There are two subtleties I'm not sure of:

  1. Should spaces be encoded on the url as "+" or as "%20"? In chrome if I type in "http://google.com/foo=?bar me" chrome changes it to be encoded with %20
  2. Is it necessary/correct to encode colons ":" as %3B? Chrome doesn't.

Notes:

  • java.net.URLEncoder.encode doesn't seem to work, it seems to be for encoding data to be form submitted. For example, it encodes space as + instead of %20, and encodes colon which isn't necessary.
  • java.net.URI doesn't encode query parameters
Magistrate answered 16/3, 2011 at 18:38 Comment(2)
This question looks useful: #444612Magistrate
the structure of the query part is server-dependent, though most expect application/x-www-form-urlencoded key/value pairs. See here for more: illegalargumentexception.blogspot.com/2009/12/…Siva
L
150

java.net.URLEncoder.encode(String s, String encoding) can help too. It follows the HTML form encoding application/x-www-form-urlencoded.

URLEncoder.encode(query, "UTF-8");

On the other hand, Percent-encoding (also known as URL encoding) encodes space with %20. Colon is a reserved character, so : will still remain a colon, after encoding.
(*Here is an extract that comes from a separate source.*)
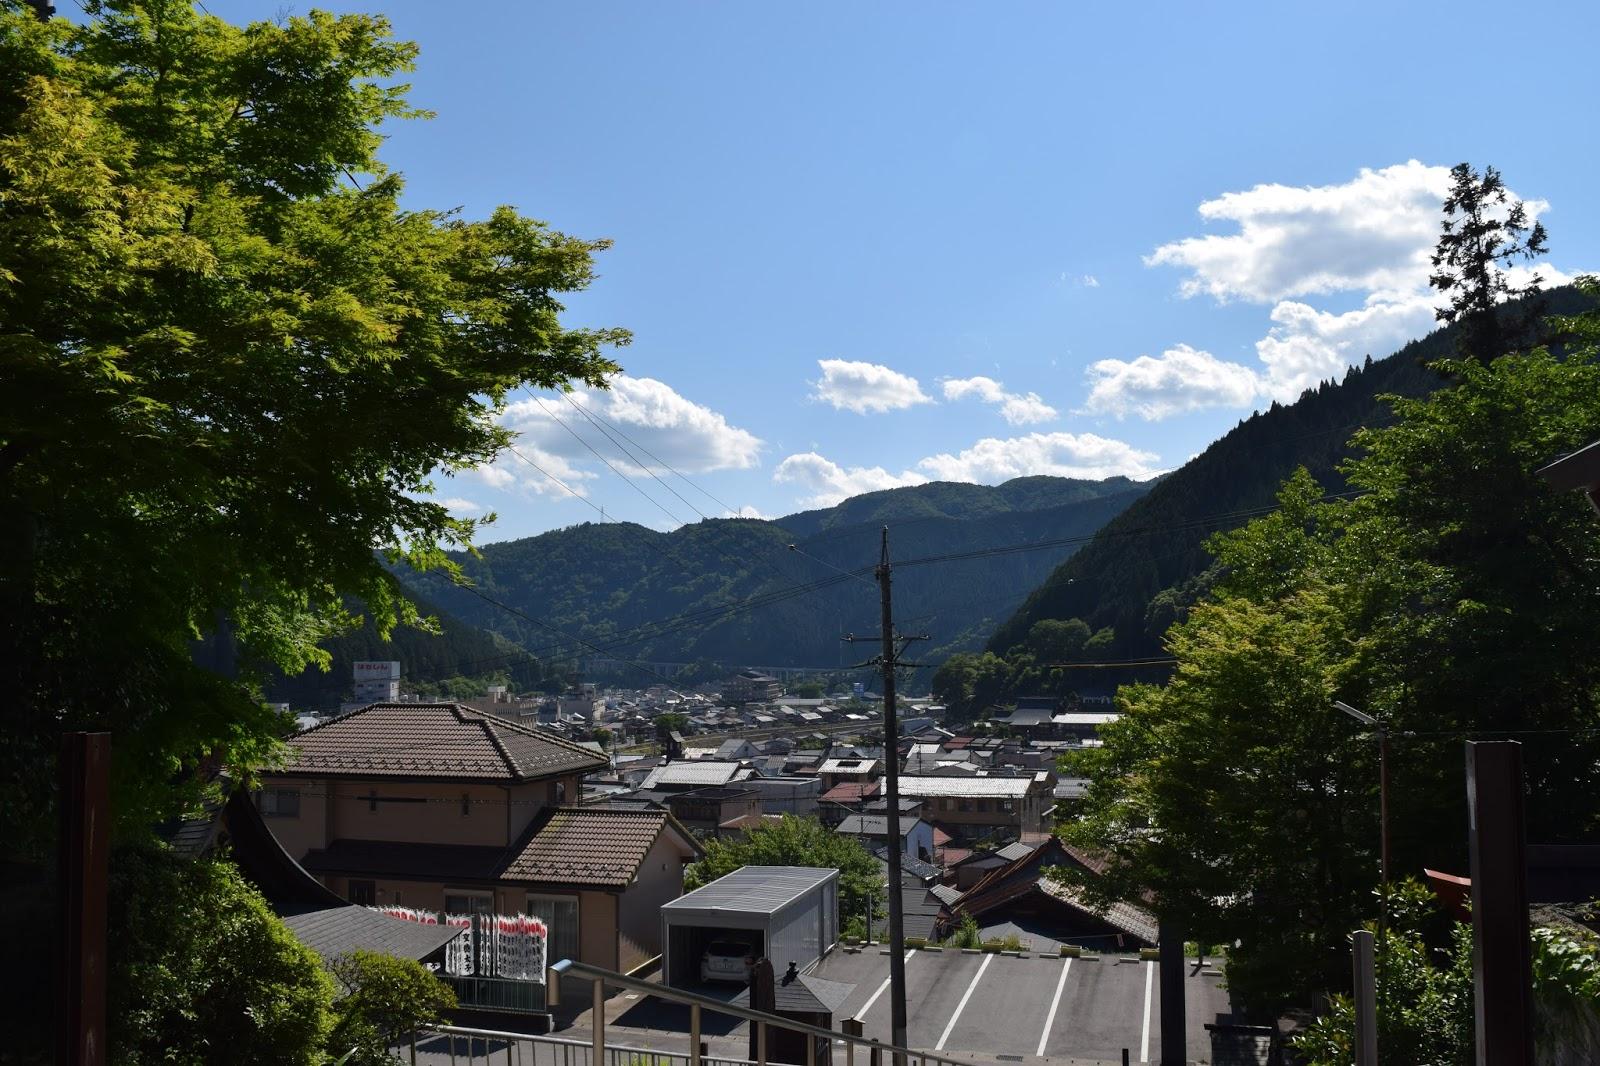 Gujou Hachiman Nagano Prefecture

Lauber answered 16/3, 2011 at 18:49 Comment(13)
I mentioned that I didn't think that does url encoding, instead it encodes data to be submitted via a form. comments?Magistrate
That's because URLEncoder is conformed to application/x-www-form-urlencoded MIME format (which is a valid HTML form encoding). I'm assuming that's not what you're looking for.Lauber
Right, so doesn't that disqualify your answer? Or, are you saying its output is still valid, just stricter than necessary?Magistrate
@Alex Black, I just updated my comment. I'm assuming you're looking for encoding to conform to URI as specified in RFC2396.Lauber
Btw, if you're using HttpClient 4, you don't need to as HttpClient does it for you.Lauber
Yes, RFC2396 looks like the encoding I want. It looks to me like URLEncoder.encode is for w3.org/TR/html401/interact/forms.html#form-content-typeMagistrate
@Elite: I can't ever seem to figure out what you mean :) Yes, I am using HttpClient 4, so far its not doing it for me. Are you saying there is a method in it that does?Magistrate
No, If you're doing an HttpGet then encoding is necessary, but generally, passing parameters with HttpParams, HttpClient 4 knows how to encode them.Lauber
I ended up using URLEncoder.encode and replacing "+" with "%20"Magistrate
Because one of the (3rd party) sites I am sending HTTP requests to does not decode "+" to " ", but it does decode "%20" to " ".Magistrate
It encodes slashes to "%2F", shouldn't it leave the URL slashes as they are?Umbilicate
@Umbilicate No, it shouldn't. You are supposed to give it parameter value only and not the whole URL. Consider example http://example.com/?url=http://example.com/?q=c&sort=name. Should it encode &sort=name or not? There is no way to distinguish value from the URL. That is the exact reason why you need value encoding in the first place.Bimbo
But actually, slash is a legal character in querystring parameter values.Screed
T
24

Unfortunately, URLEncoder.encode() does not produce valid percent-encoding (as specified in RFC 3986).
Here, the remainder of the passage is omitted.